### WHAT YOU WILL DO
Your output should be the lines below from the one holding "3 bedroom semi" through the one holding "dining room from", transcribed exactly, with no pictures.

### THE DATA
------------
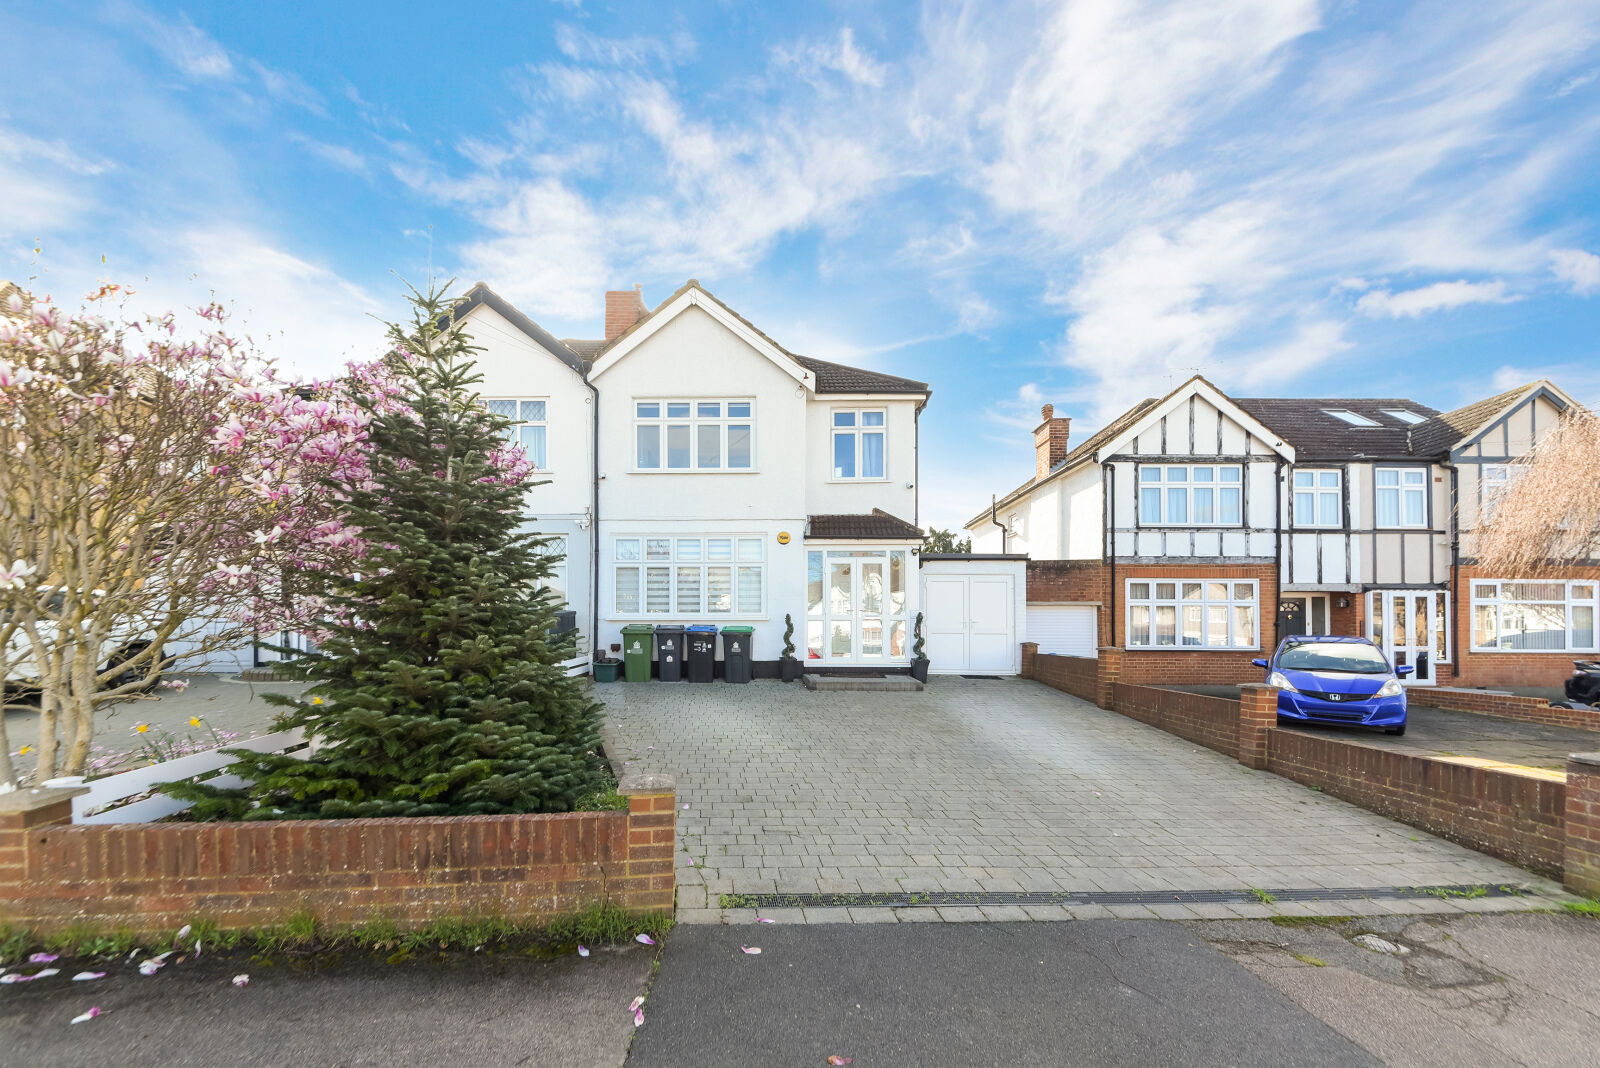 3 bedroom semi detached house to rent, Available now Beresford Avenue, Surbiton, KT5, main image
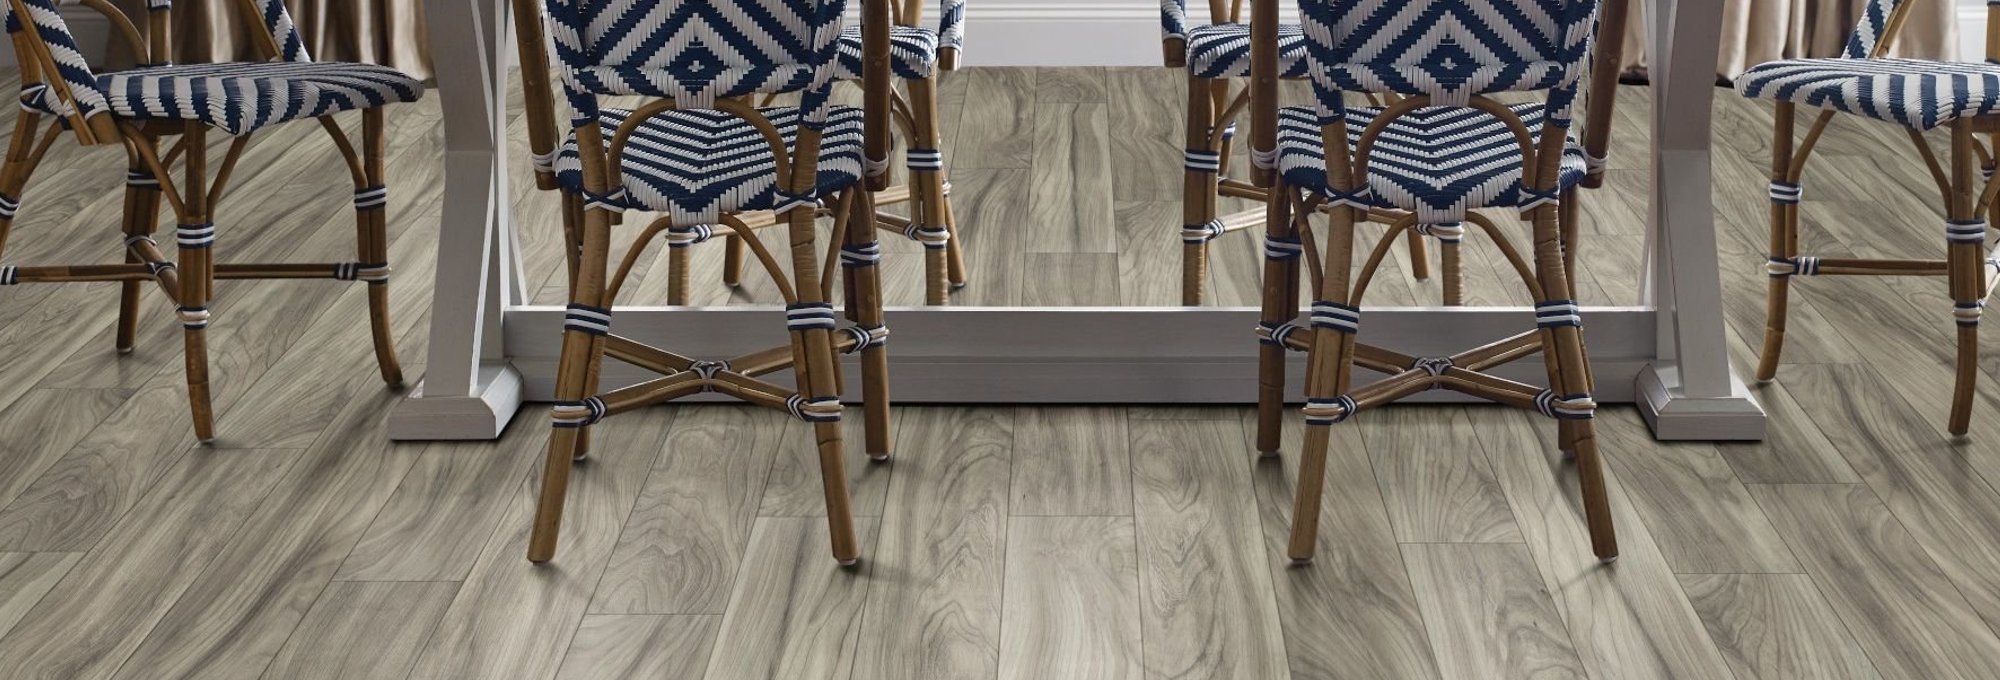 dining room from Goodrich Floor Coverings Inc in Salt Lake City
------------
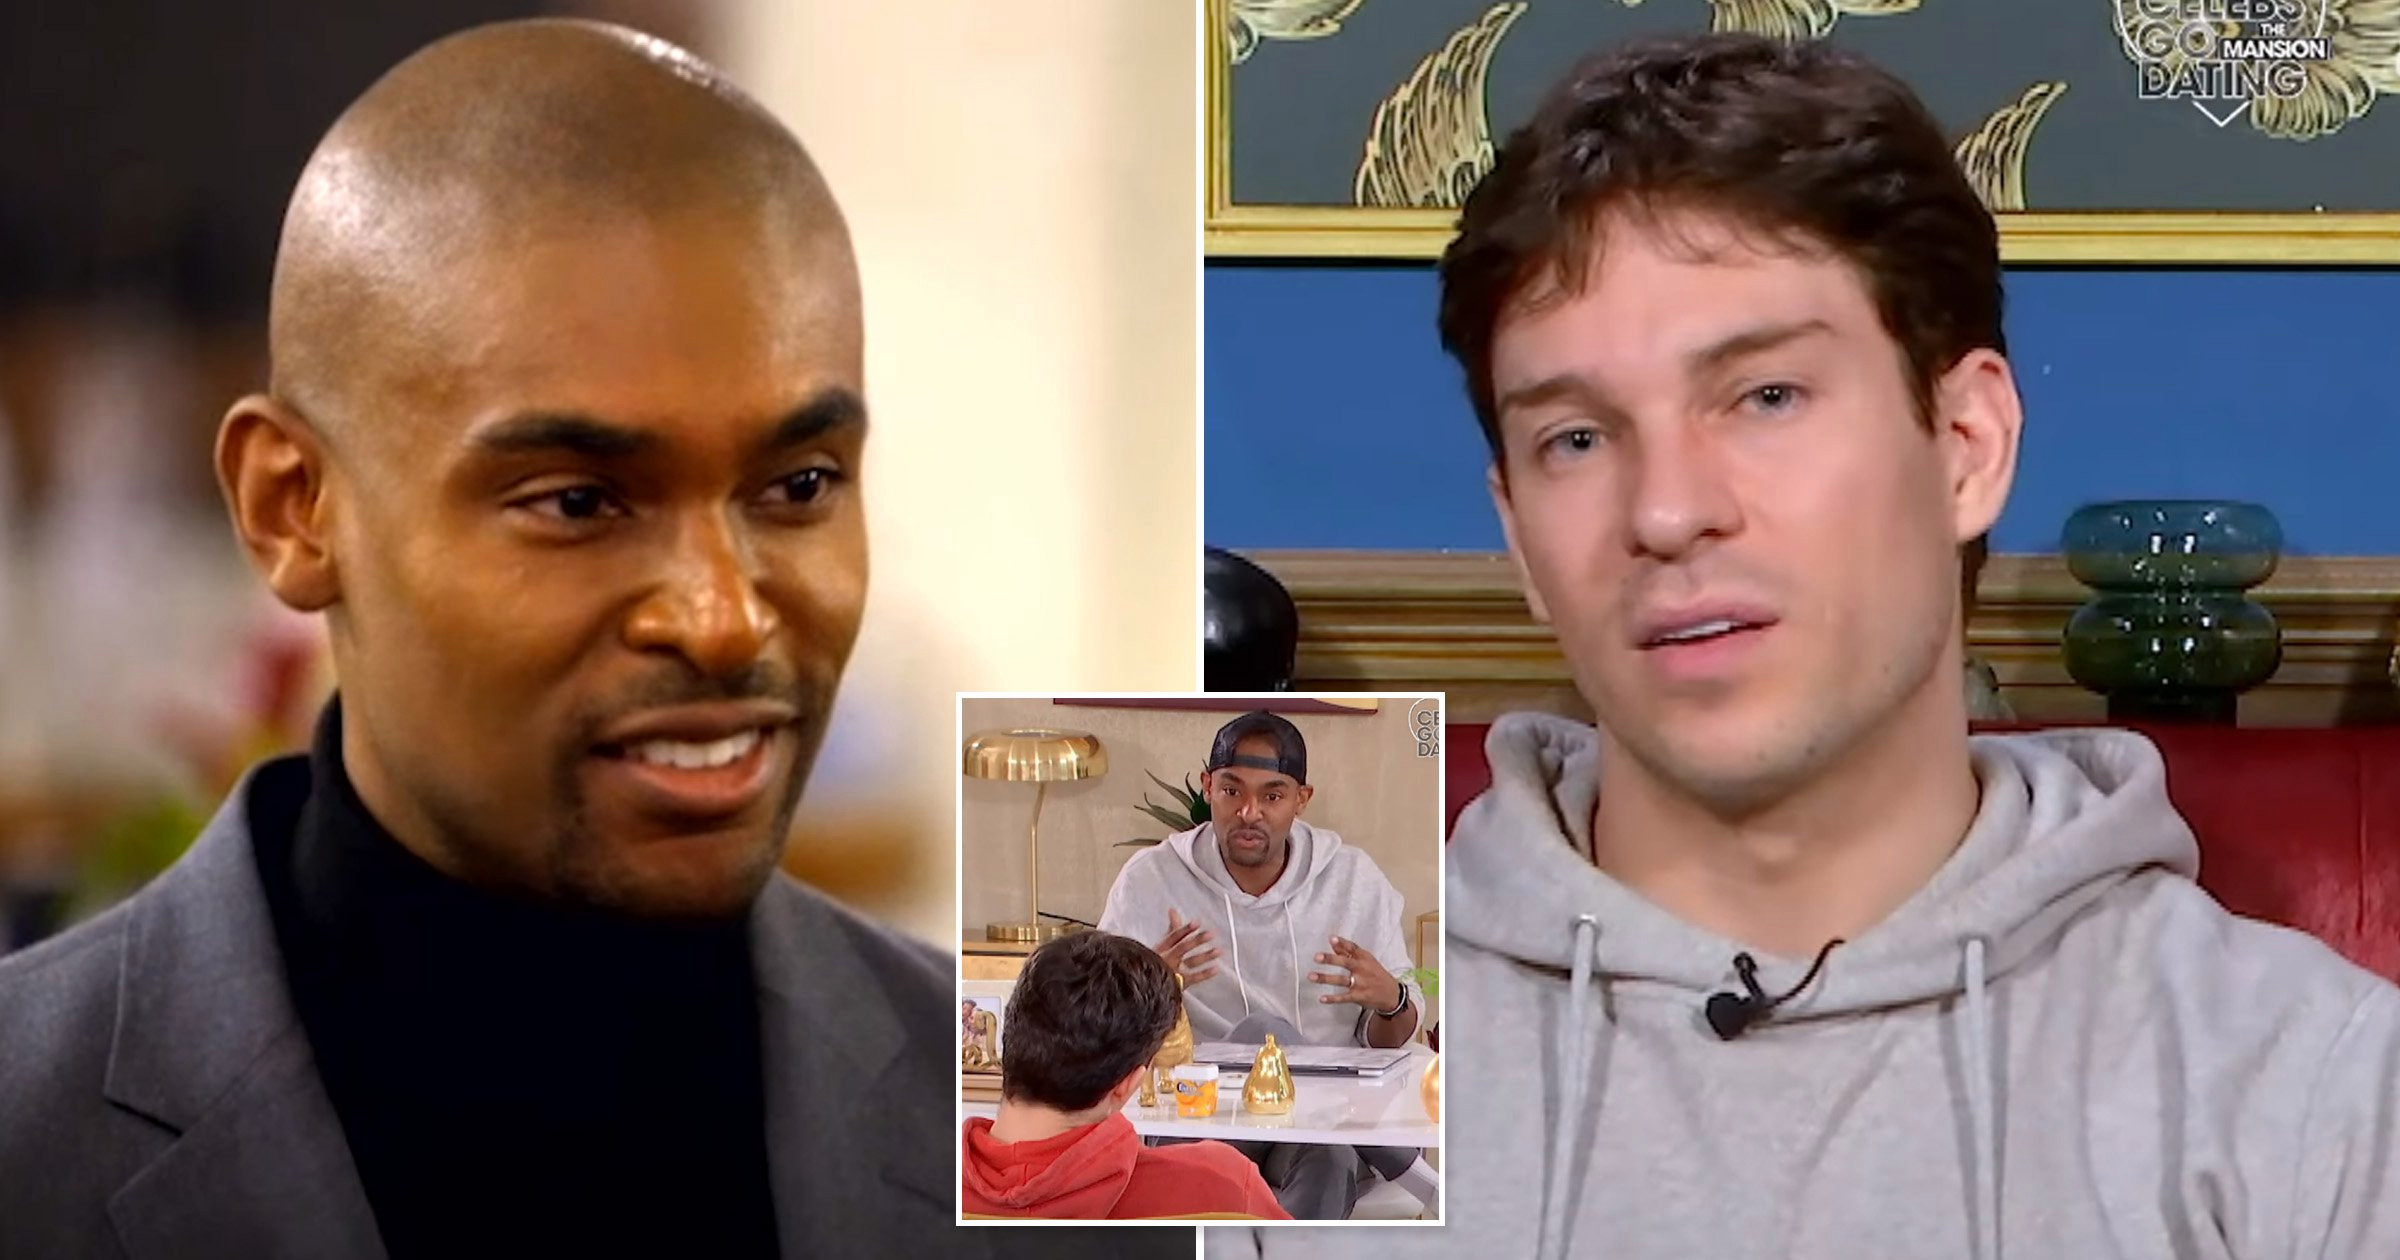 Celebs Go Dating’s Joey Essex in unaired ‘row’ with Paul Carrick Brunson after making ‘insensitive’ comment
------------
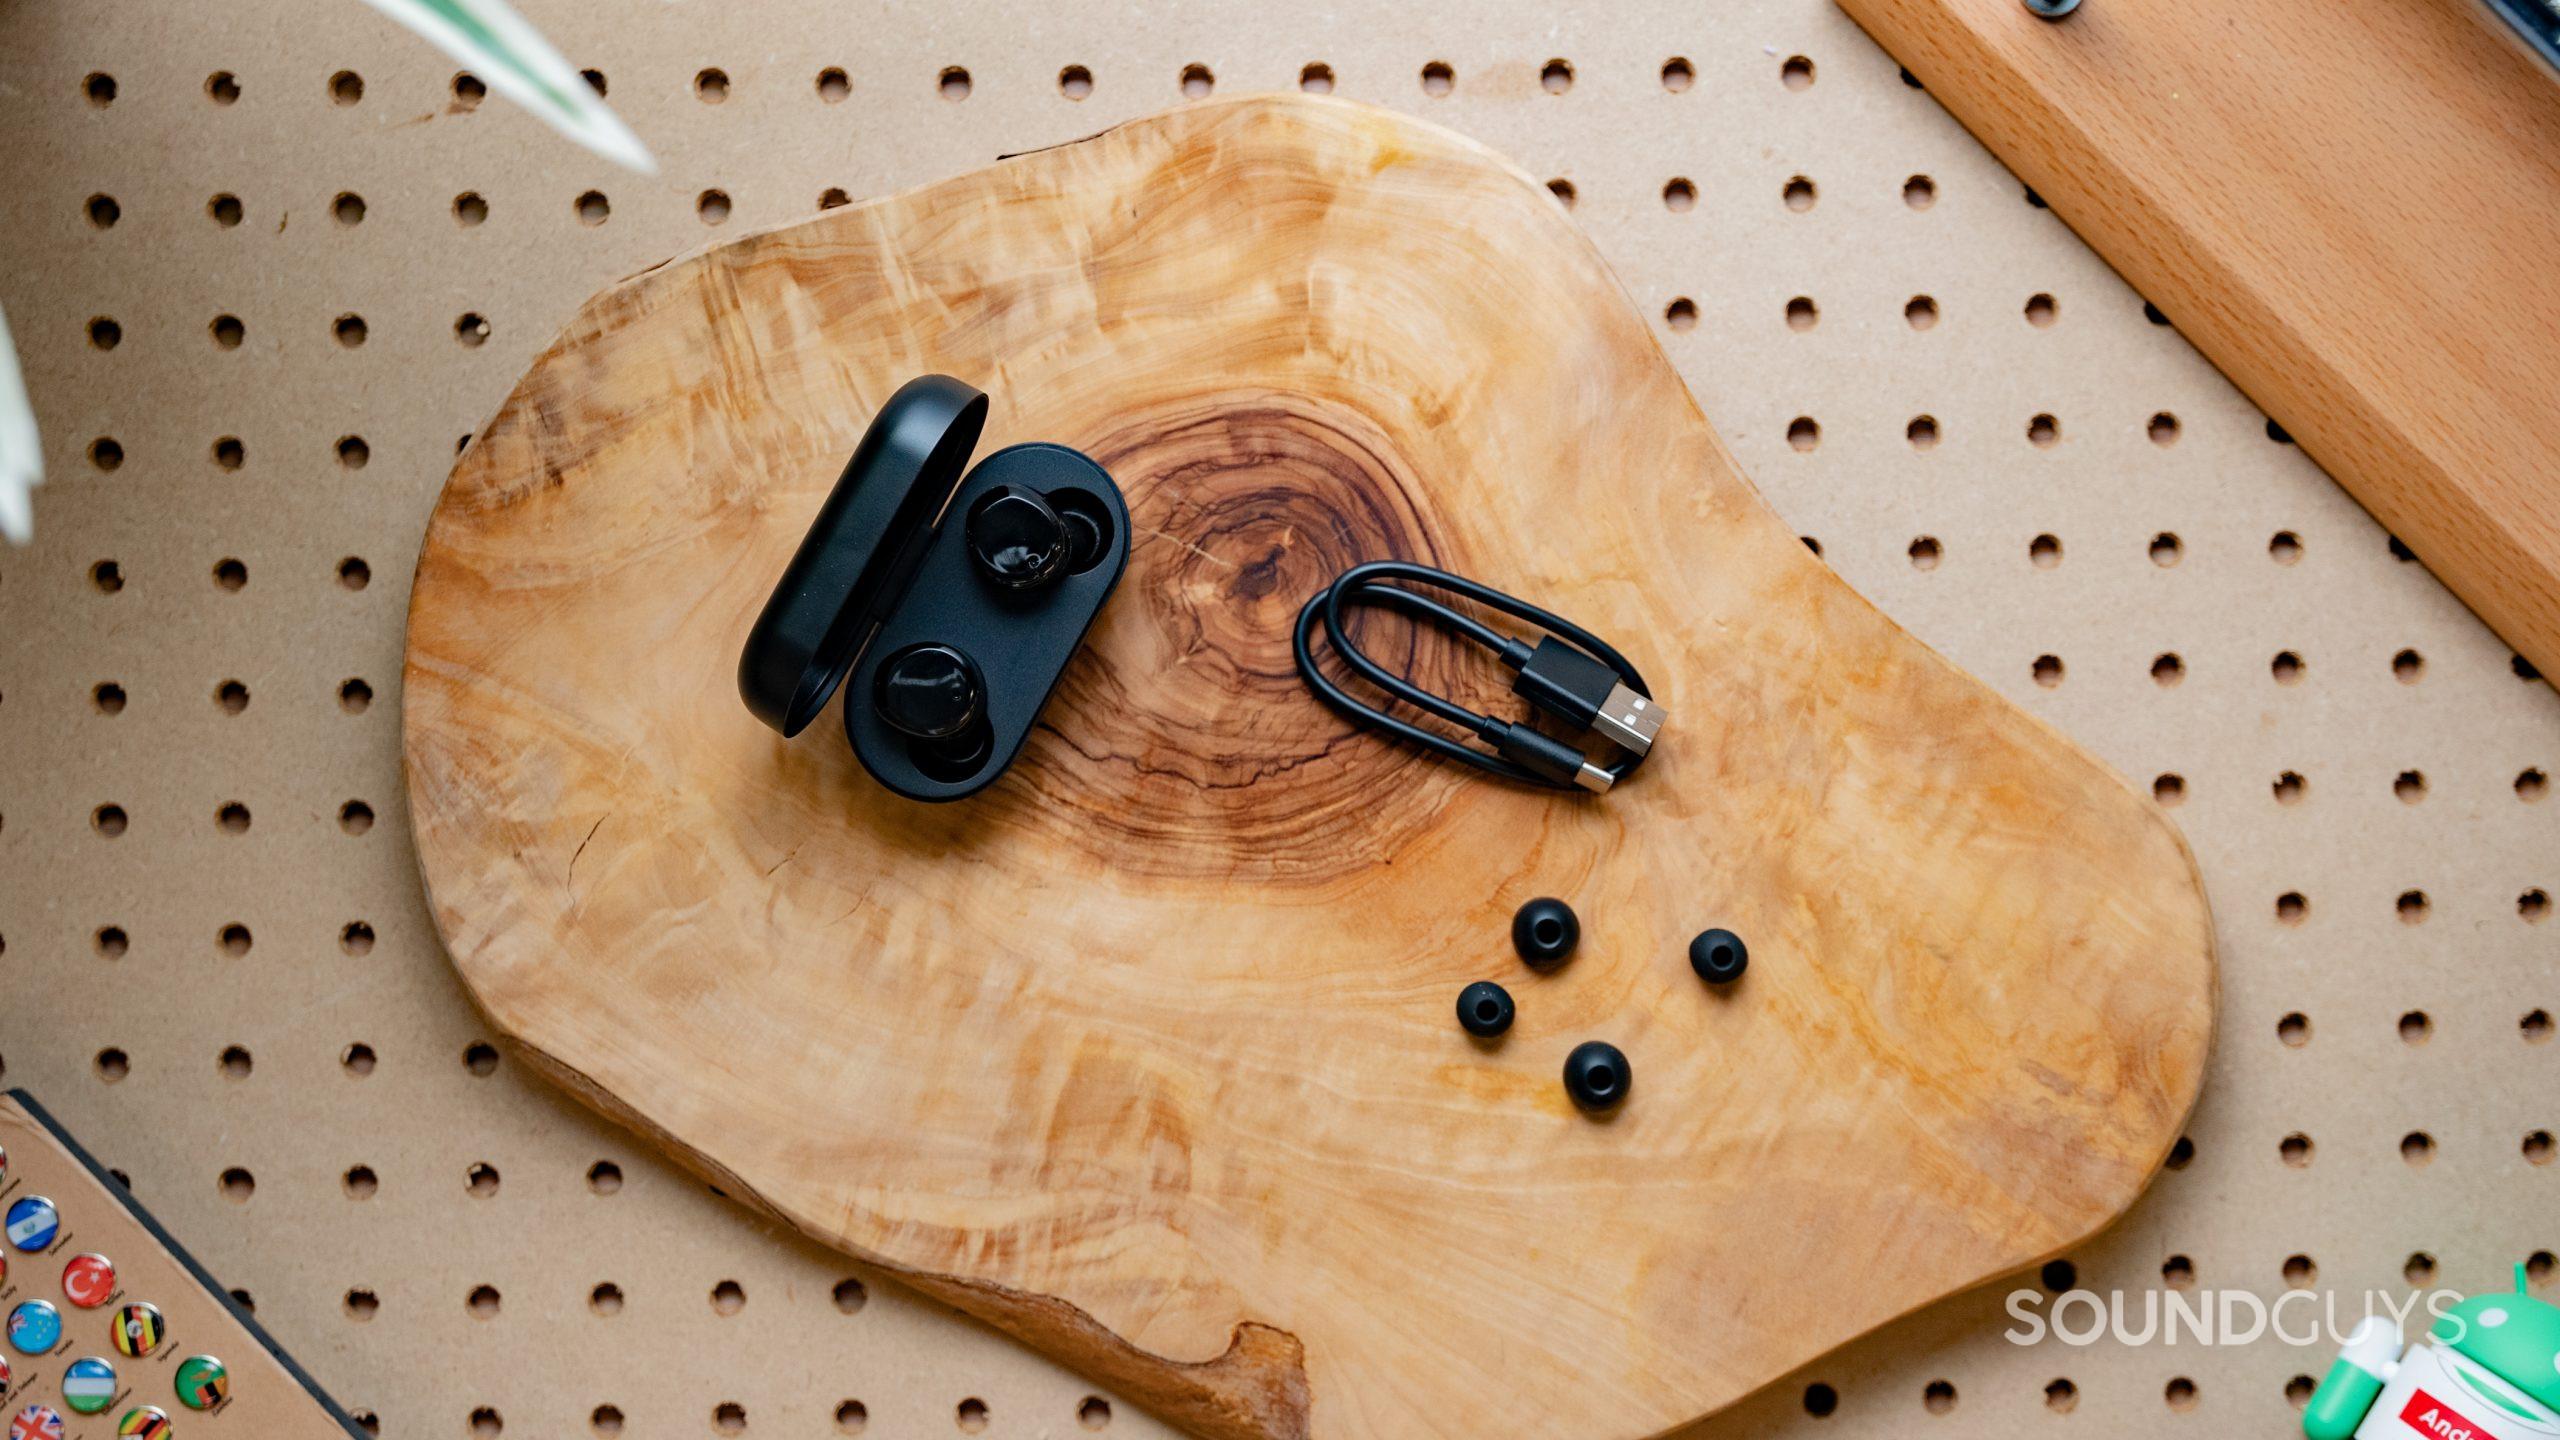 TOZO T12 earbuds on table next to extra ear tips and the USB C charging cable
------------
### REPLY TO THE EXERCISE
 3 bedroom semi detached house to rent, Available now Beresford Avenue, Surbiton, KT5, main image
 dining room from Goodrich Floor Coverings Inc in Salt Lake City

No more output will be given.